Timing Infrastructure

nvlink has a built-in timing system activated by an internal timing file path (global qword_2A5F290). The timing calls bracket each pipeline phase with string tags.

Timing functions:

  • sub_45CCD0 -- start timer for a named phase
  • sub_45CCE0 -- stop timer, record elapsed time

Phase tag strings (embedded in main() and referenced by sub_4279C0):

TagEmitted at linePipeline phases covered
"init"593Phases 1--6: arena creation, option parsing, library resolution, context setup, config
"read"1403Phase 7 + 8 + 9: input file loop, PTX JIT, LTO compilation, merge loop
"cicc-lto"1100Phase 8 (IR compile): NVVM IR to PTX compilation via libnvvm
"ptxas-lto"1286Phase 8 (assembly): PTX to SASS assembly via embedded ptxas
"merge"1426Phase 9 boundary: after merge loop, before layout
"layout"1431Phase 10 boundary: after sub_439830, before relocate
"relocate"1434Phase 11 boundary: after sub_469D60, before finalize
"finalize"1440Phase 12 boundary: after sub_445000, before output
"write"1671Phase 13 boundary: after output is written, before cleanup

The debug trace function sub_4279C0 emits these tag strings to stderr when verbose debugging is enabled (dword_2A5F308 & 0x20), producing output of the form: nvlink: phase <tag>.

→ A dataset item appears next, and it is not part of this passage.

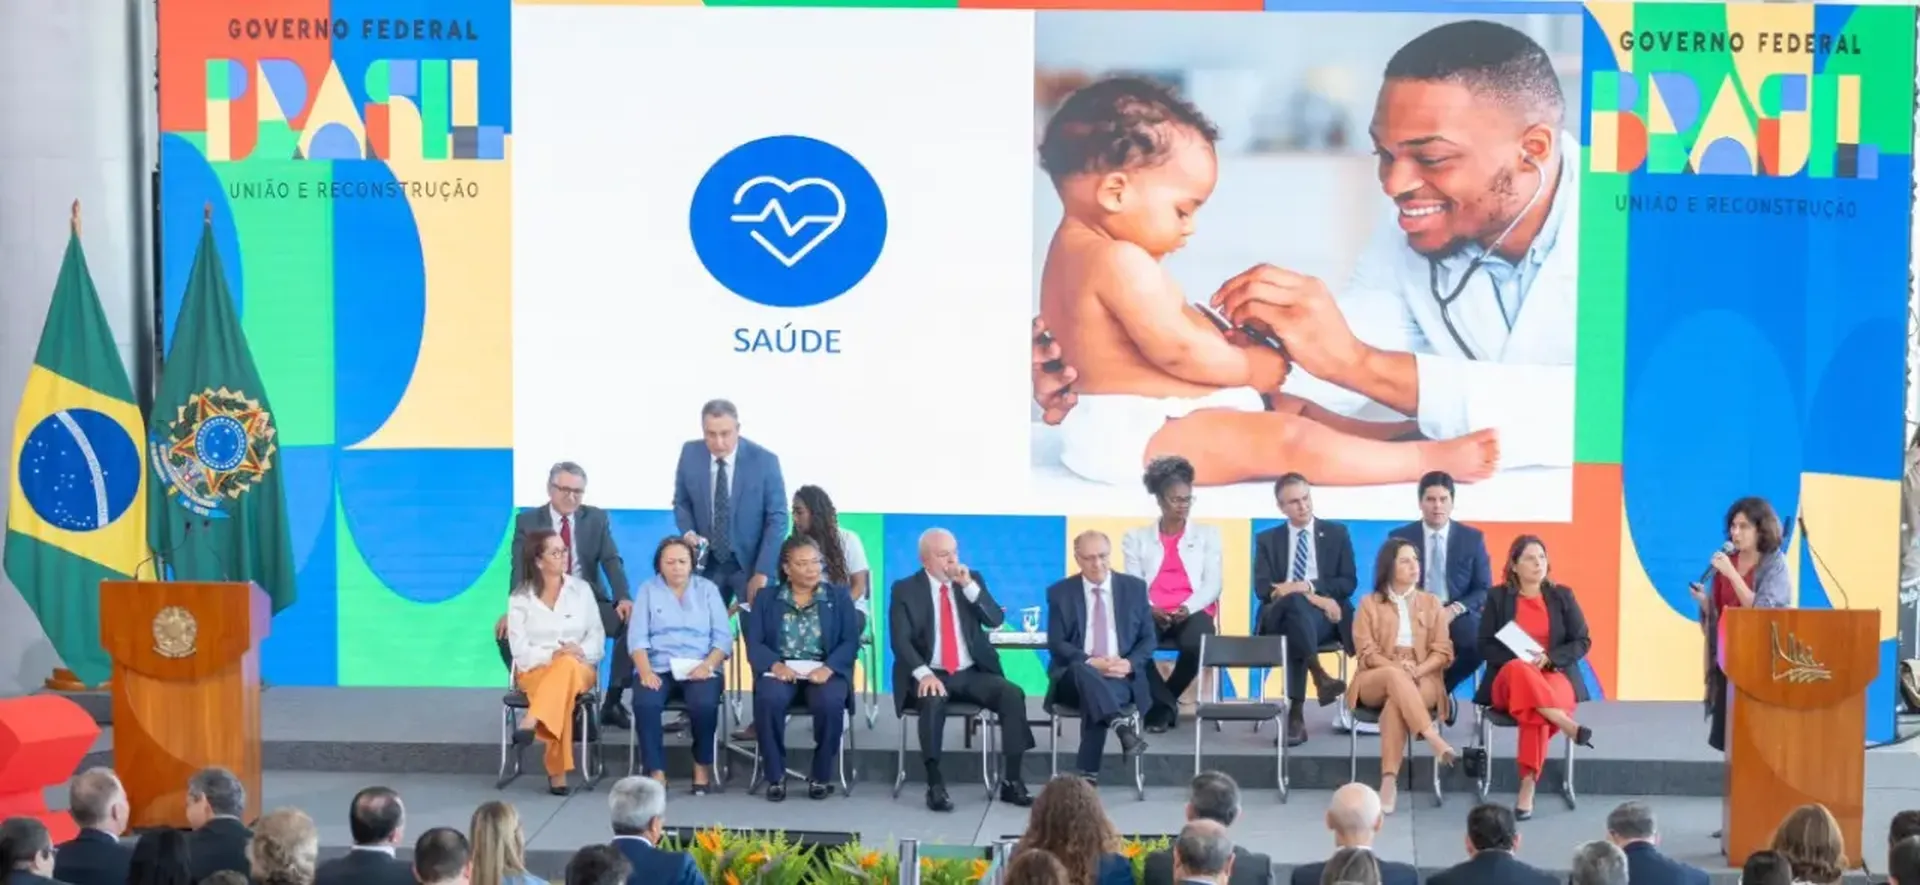 Novo PAC Seleções investe R$ 23 bilhões em saúde, educação, esporte e cultura

The timing tag structure reveals an important subtlety: the trace points are emitted at phase boundaries, not phase starts. Specifically, "merge" is emitted after the merge loop completes, and "layout" is emitted after sub_439830 returns. This means each tag marks the transition out of its named phase. The "init" tag is the exception -- it is emitted at the end of Phase 6, marking the transition from initialization to the input file loop.

Three Code Paths

nvlink's mode dispatch (Phase 3) selects one of three fundamentally different code paths based on the global dword_2A77DC0. This global is set during option parsing based on --gen-host-linker-script, --shared, and the implicit device-link default.

Path 1: Device Linking (mode 0 / default)

The default and most complex path. Runs the full 14-phase pipeline from Phase 1 through Phase 14. This is the path taken when nvcc invokes nvlink to combine separately compiled .cubin files into a final device executable.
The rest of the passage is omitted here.